In 1783, he visited several European universities, such as the School of Mines of Freiberg, at which he lectured on metallurgy and mine machinery; the University of Uppsala, where he collaborated with Torbern Olof Bergman; and Köping, where he visited Carl Wilhelm Scheele, the one who announced Elhúyar's discovery of tungsten, and for some reason is credited for having made the discovery himself.

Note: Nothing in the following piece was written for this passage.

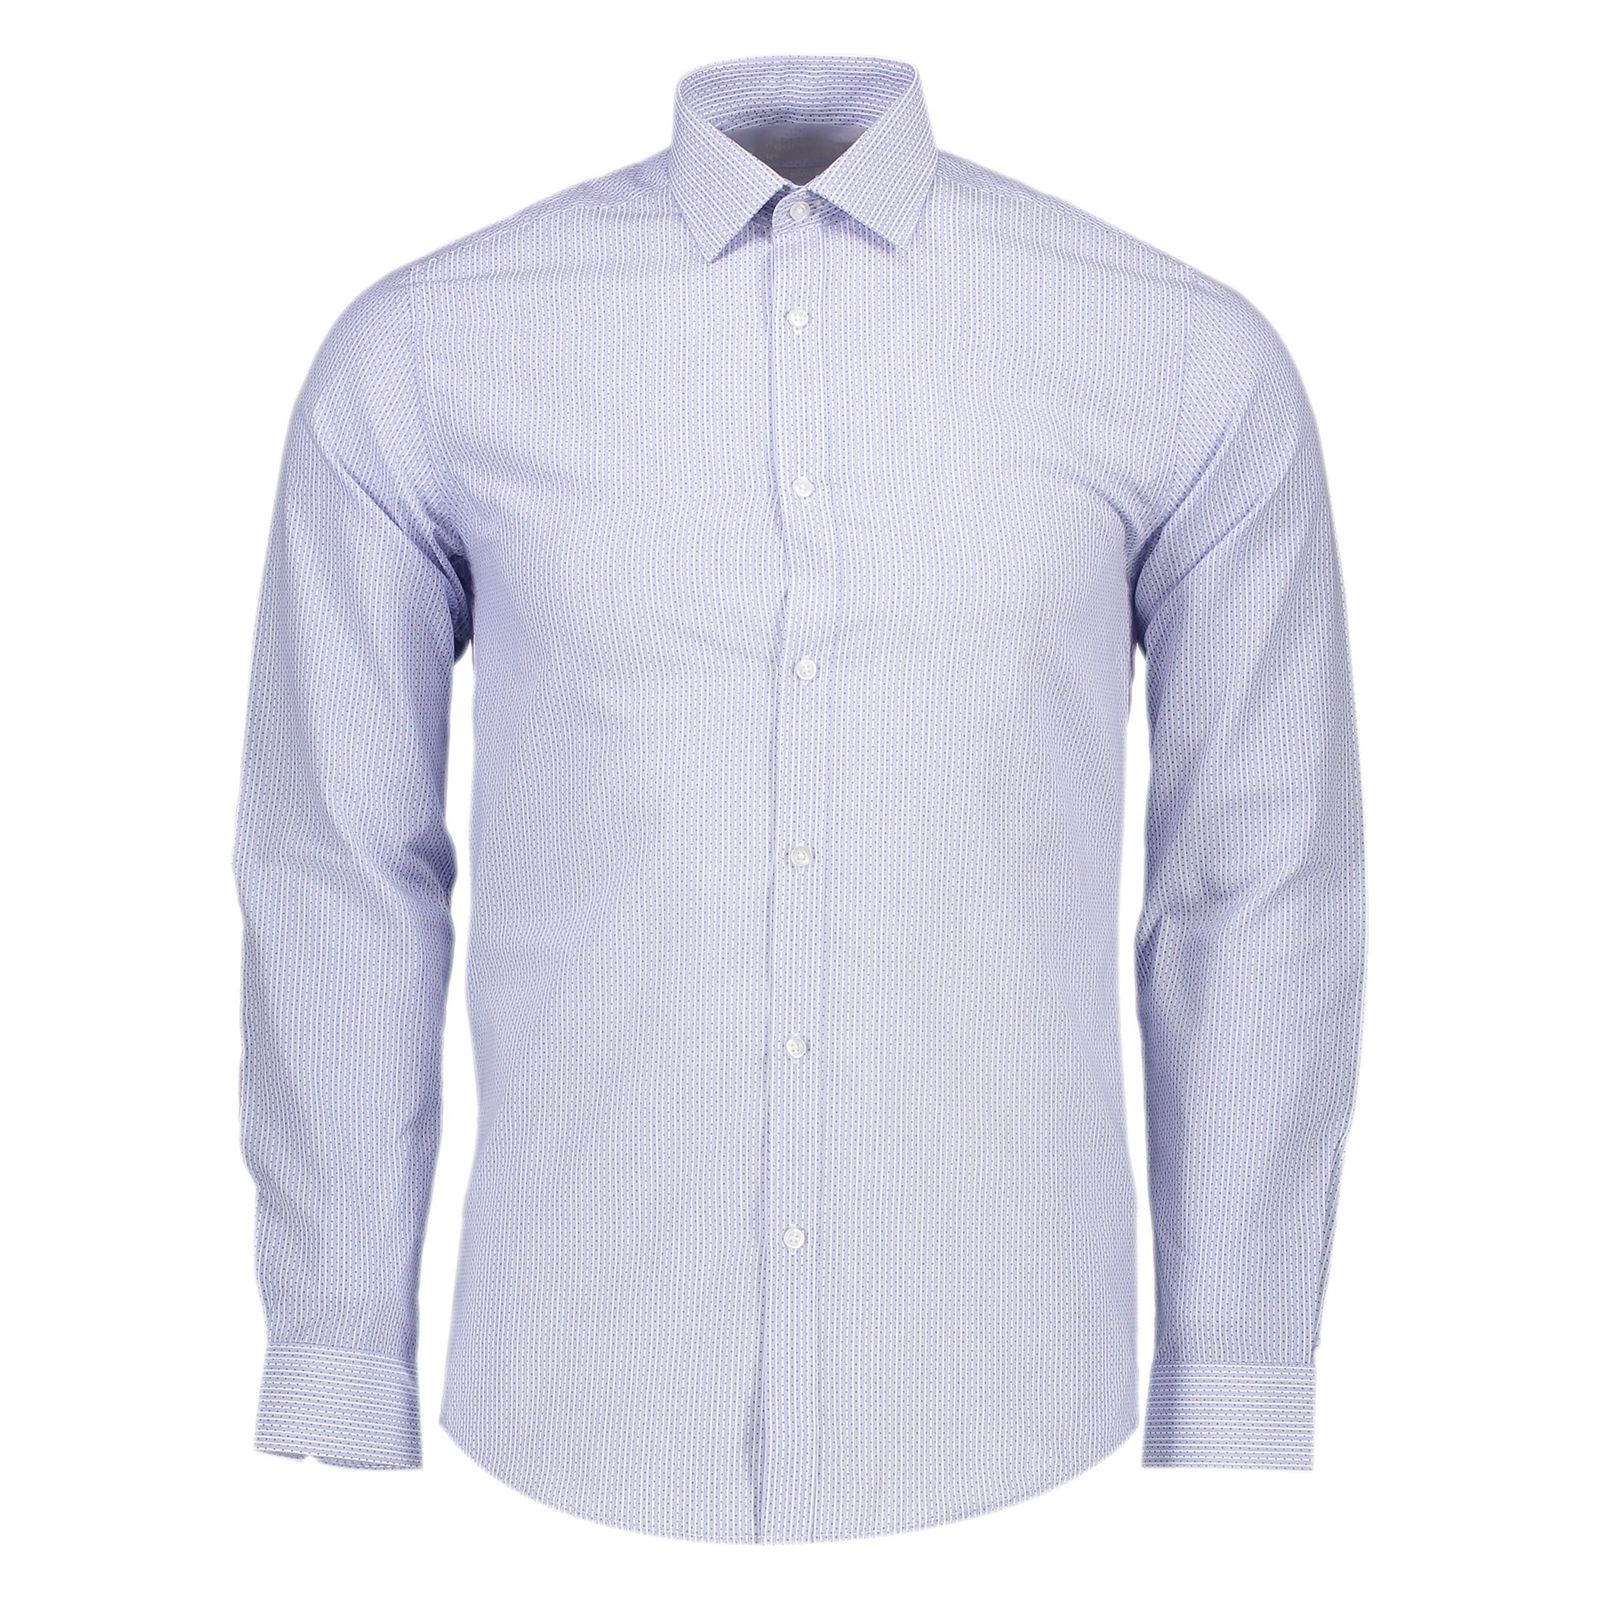 پیراهن رسمی مردانه - رد هرینگ - آبي روشن - 2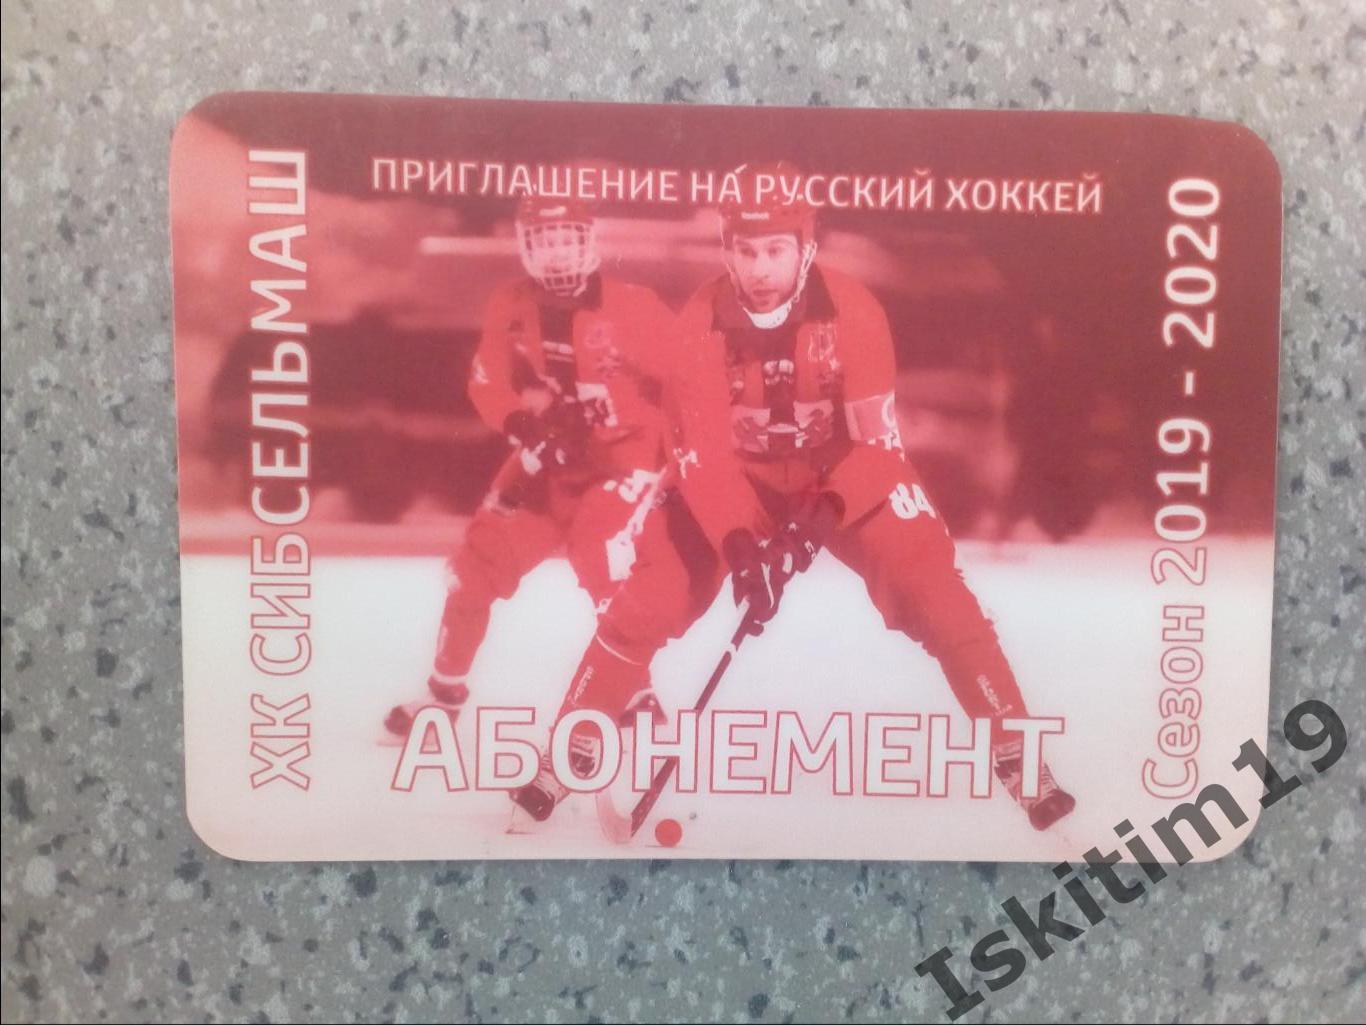 Абонемент хоккей с мячом Сибсельмаш Новосибирск 2019-2020

After his return to Spain, in 1785 he renounced his professorship and, in July 1786, was appointed General Director of Mines in Mexico. Before departing to his new office, he toured Europe again from 1786 to 1788 in order to study Born's method on refining silver. During this trip, he married Joan Raab in Vienna, in 1787. For the next thirty three years, he resided in Mexico City, where the crown founded the capital's School of Mines (January 1, 1792), with Elhuyar as its first director. During his tenure, he commissioned and directed the construction of that institution's seat, the Palacio de Minería, which was finished in 1813 and is considered one of the jewels of the Spanish American neoclassicism. He also visited and improved several of the existing Royal Mines of Mexico, dramatically increasing their productivity due to the introduction of new methods of exploitation. He aided Alexander von Humboldt during his time in New Spain, along with other mining experts then in Mexico, allowing Humboldt's section on mining in his Political essay on the Kingdom of New Spain to be replete with statistics and insights.

After Mexican Independence, he returned to Spain, where, due to his wide experience in modern minery methods, he was appointed Minister of Minery in 1822, and supervised the modern mining of the mines in Almadén, Guadalcanal, and Río Tinto. After falling from his ministry, he was appointed yet again General Director of Mines, and resumed his research activities in chemistry from this quieter office till his death in Madrid on January 6, 1833.